Immigration Article of the Day: Americans’ Misuse of “Internment” by Yoshinori H.T. Himel
Americans’ Misuse of “Internment” by Yoshinori H.T. Himel, Seattle Journal for Social Justice: Vol. 14: Iss. 3, Article 12.
Many Americans have used the word “internment” to denote World War II’s civil liberties calamity of mass, race-based, nonselective forced removal and incarceration of well over 110,000 Japanese American civilians, most of them American citizens. But the word “internment,” a term of art in the international law of war, does not describe that community-wide incarceration. Instead, it invokes an internationally agreed legal scheme under which a warring country may incarcerate enemy soldiers and selected civilian subjects of an enemy power. As this paper reflects, under the law, alienage is basic to civilian internment. The US Department of Justice (DOJ) indeed selected and interned thousands of Issei aliens (members of the Japanese American community’s first or immigrant generation, aliens because they were statutorily barred from naturalization). Additionally, thousands of Nisei (members of the Japanese American community’s second generation, US citizens by birthright) renounced their US citizenship; DOJ then classified them as aliens and interned them. Although the precise numbers may be uncertain, well over 7,000 Issei from the mainland, Hawai’i, and Alaska, and well over 5,000 Nisei renunciants, involuntarily became DOJ internees. These Japanese American alien internments, the legal context surrounding them, and the human stories behind them are worthy of attention. Currently, the National Park Service and others are paying increased attention to the sites of Japanese alien internment and their histories in two ways. First, the park service recently has financially assisted nonfederal organizations in interpreting DOJ internment camps. These include the Santa Fe Internment Camp,8 Fort Abraham Lincoln, near Bismarck, North
Dakota,9 Tuna Canyon, in southern California,10 Fort Missoula internment camp in Montana, and Crystal City Family Internment Camp in Crystal City, Texas. Second, as a federal land management agency the park service has begun to manage, research, and interpret national monument sites at Honouliuli, an army internment camp on Oahu, Hawai’i, and at Tule Lake, a concentration camp in northern California. Tule Lake briefly became a DOJ internment camp for newly created aliens in the Japanese American community in an extraordinary wartime transformation discussed below.

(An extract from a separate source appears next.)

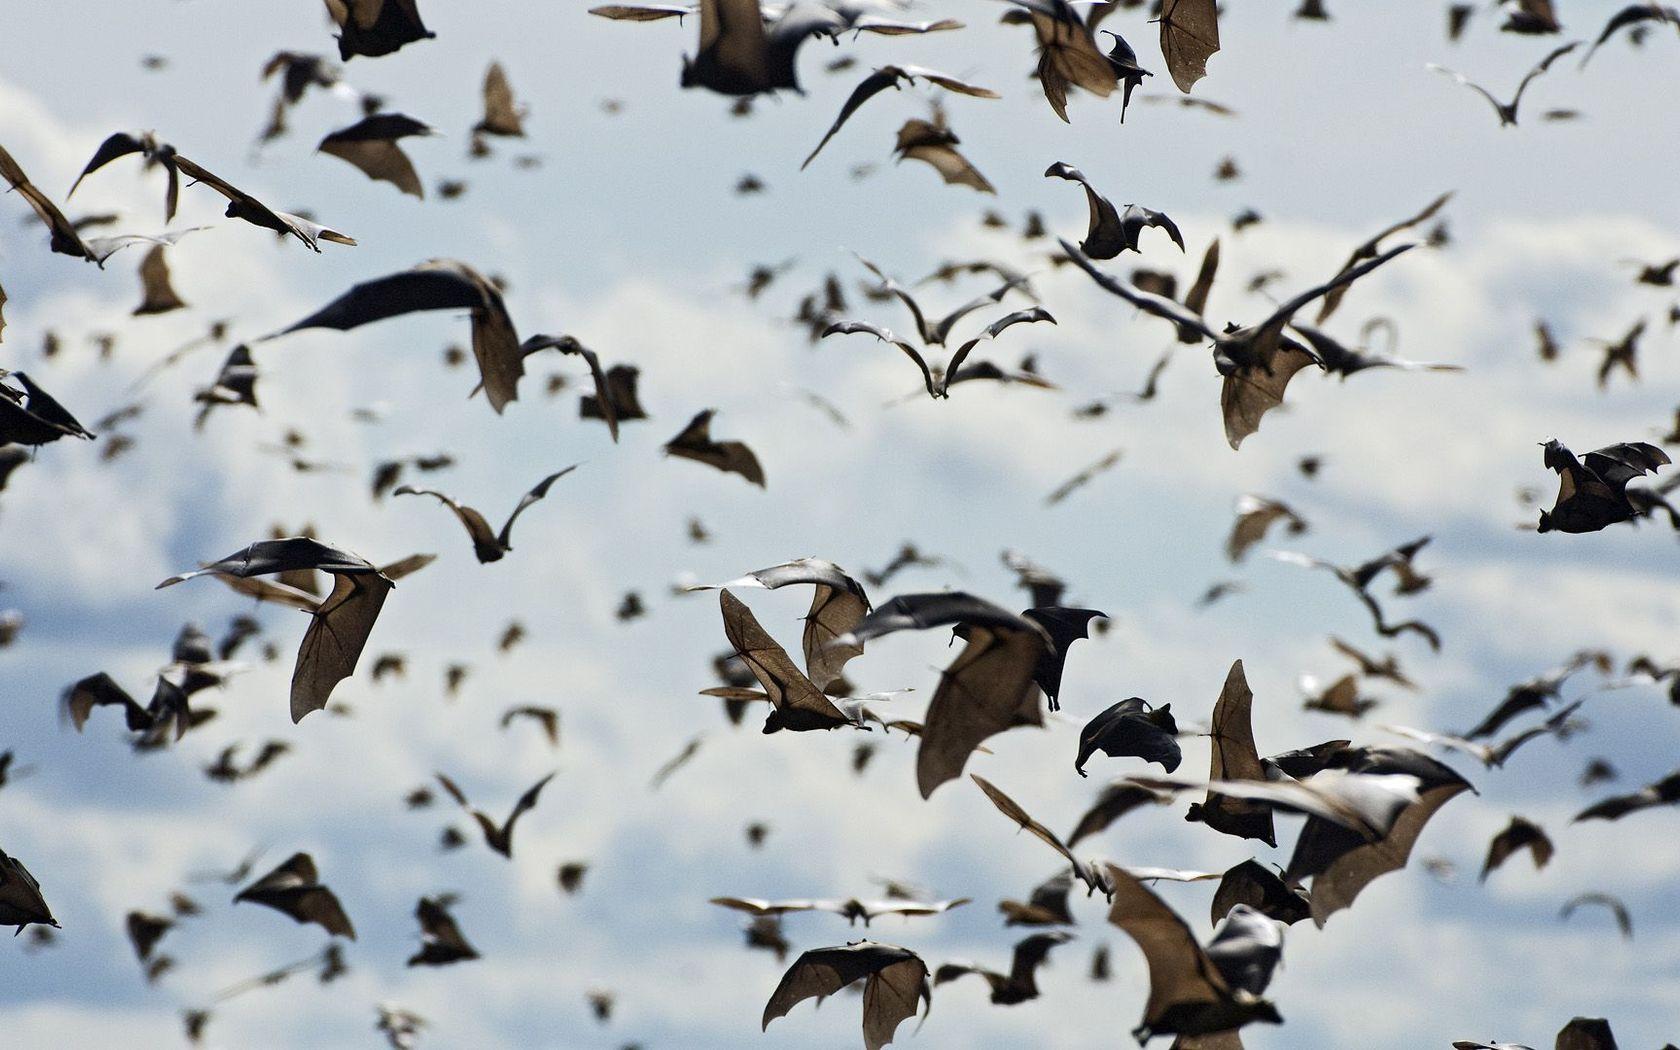 Bats wallpaper 13723 1680x1050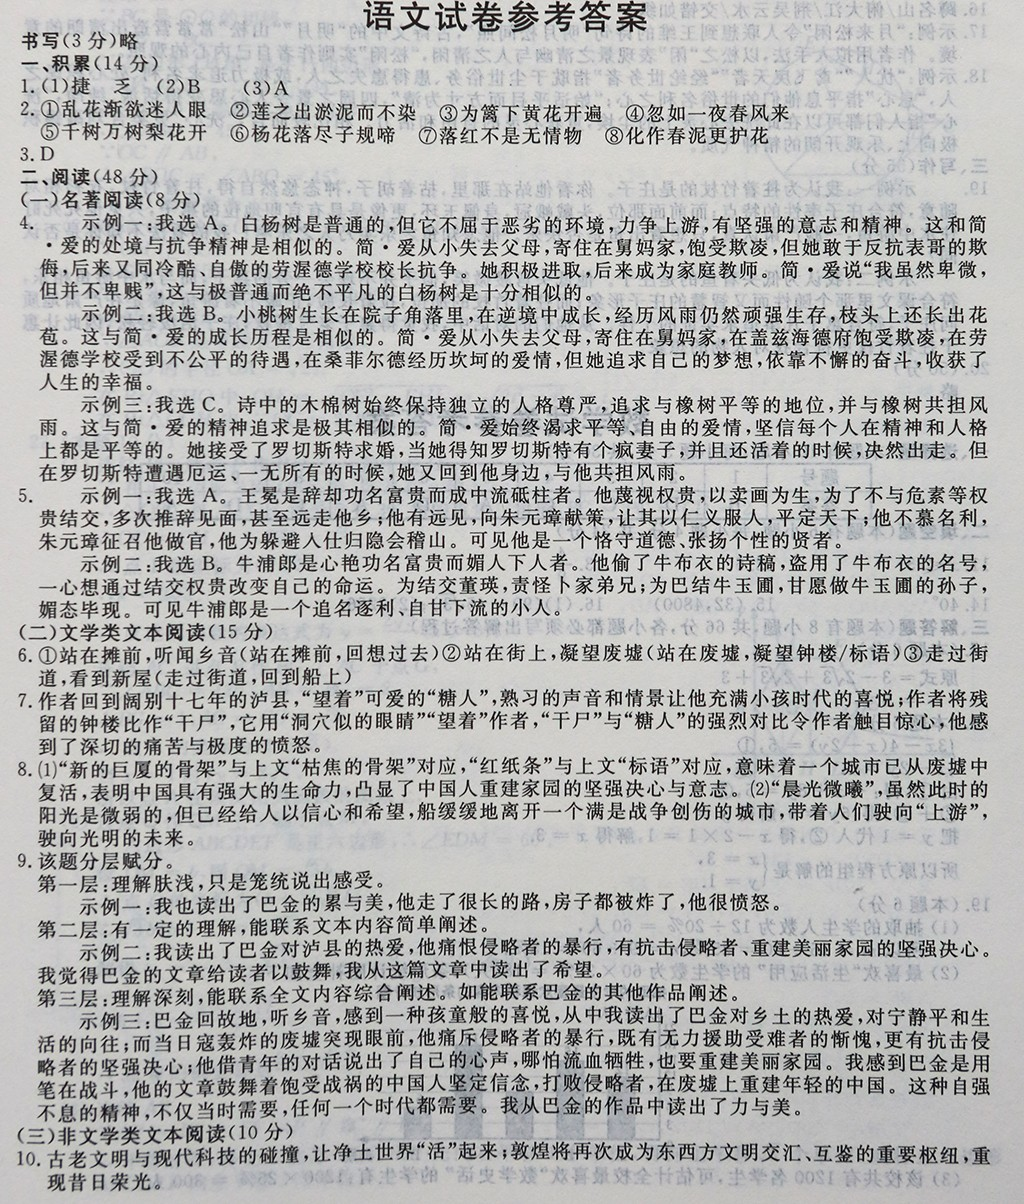 2019年浙江丽水中考语文真题参考答案

The problem this paper addresses—conflation of mass incarceration with internment—may stem in part from our relative lack of discussion of Japanese alien internment. University of Washington Professor Tetsuden Kashima says that most literature on the Japanese American imprisonment concentrates on mass incarceration, not alien internment (notable exceptions include the cited book itself). Kashima gives three reasons for the literature’s disproportional emphasis on the “assembly centers and relocation centers.” “First, they held the largest number of inmates. Second, these inmates were mostly American citizens, a fact that epitomizes the injustice of a government incarcerating its own citizens. Third, the most accessible government documents and other source materials pertain to these two types of centers.” This author hopes that scholars, like the park service and perhaps in cooperation with it, will develop further our nation’s awareness and discussion of its Japanese alien internment. More discussion of Japanese alien internment may multiply the occasions for confusion because the word’s misuse generates ambiguity. But more discussion of internment also offers reason and opportunity to prevent any such ambiguity. To stop misleading ourselves and the public, we as lawyers and Americans should take this opportunity to restrict “internment” to its correct legal meaning.